• Biopsy-proven non-hematopoietic malignancy, except for small cell lung cancer, germ cell cancer, or unknown primary tumor.

• Radiographic evidence by MRI (or by CT scan with CT contrast if ineligible or intolerant of MRI) of brain metastasis. (If patient is unable to tolerate MRI contrast, an MRI without contrast is acceptable if lesions are visible)

• All brain metastases must be outside the brain stem (midbrain, pons and medulla).

• Patient must have 10 or less brain metastases.

• The maximum diameter of any lesion must be less than or equal to 3.0 cm.

• Previous treatment with surgery, radiation, chemotherapy, immunotherapy or any targeted agents are allowed provided that:

‣ Radiation was not to the brain.

⁃ Surgery to the brain was \> 7 days prior to SRS and there remains at least one additional brain metastasis that can be targeted with SRS

• Age ≥ 18 years.

• ECOG Performance Score of 2 or better/Karnofsky Performance Status score of 50-60 or better.

• All men, as well as women of child-bearing potential must agree to use adequate contraception (hormonal or barrier method of birth control; abstinence) prior to study entry and for the duration of study participation.

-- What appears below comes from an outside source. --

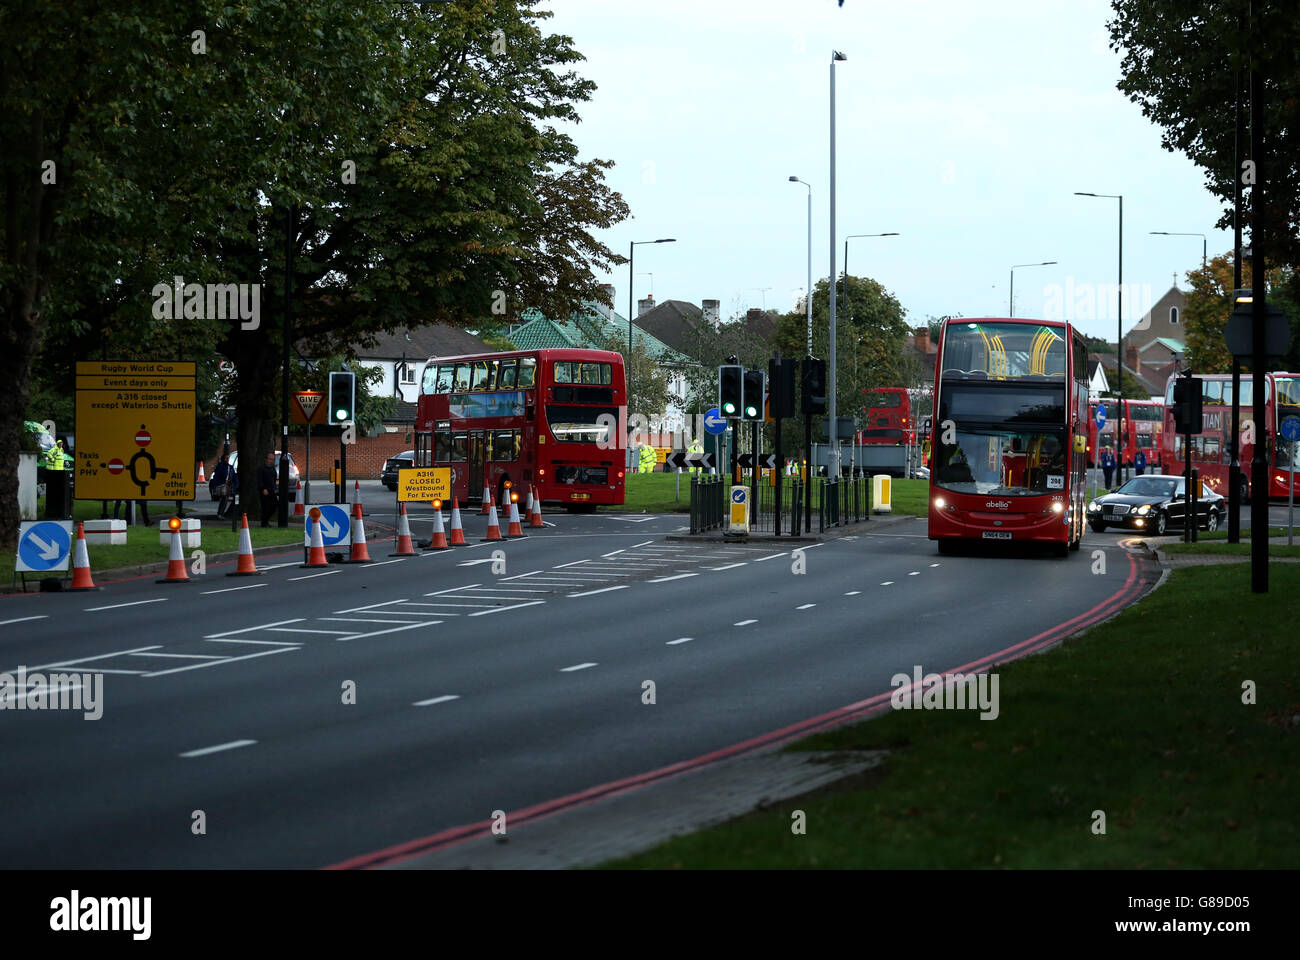 Visione generale delle restrizioni al traffico e delle deviazioni prima della partita della Coppa del mondo di Rugby al Twickenham Stadium, Londra. Foto Stock

Should a woman become pregnant or suspect she is pregnant while participating in this study, she should inform her treating physician immediately.

• A female of child-bearing potential is any woman (regardless of sexual orientation, marital status, having undergone a tubal ligation, or remaining celibate by choice) who meets the following criteria:

⁃ Has not undergone a hysterectomy or bilateral oophorectomy; or

⁃ Has not been naturally postmenopausal for at least 12 consecutive months (i.e., has had menses at any time in the preceding 12 consecutive months).

⁃ Ability to understand and the willingness to sign a written informed consent.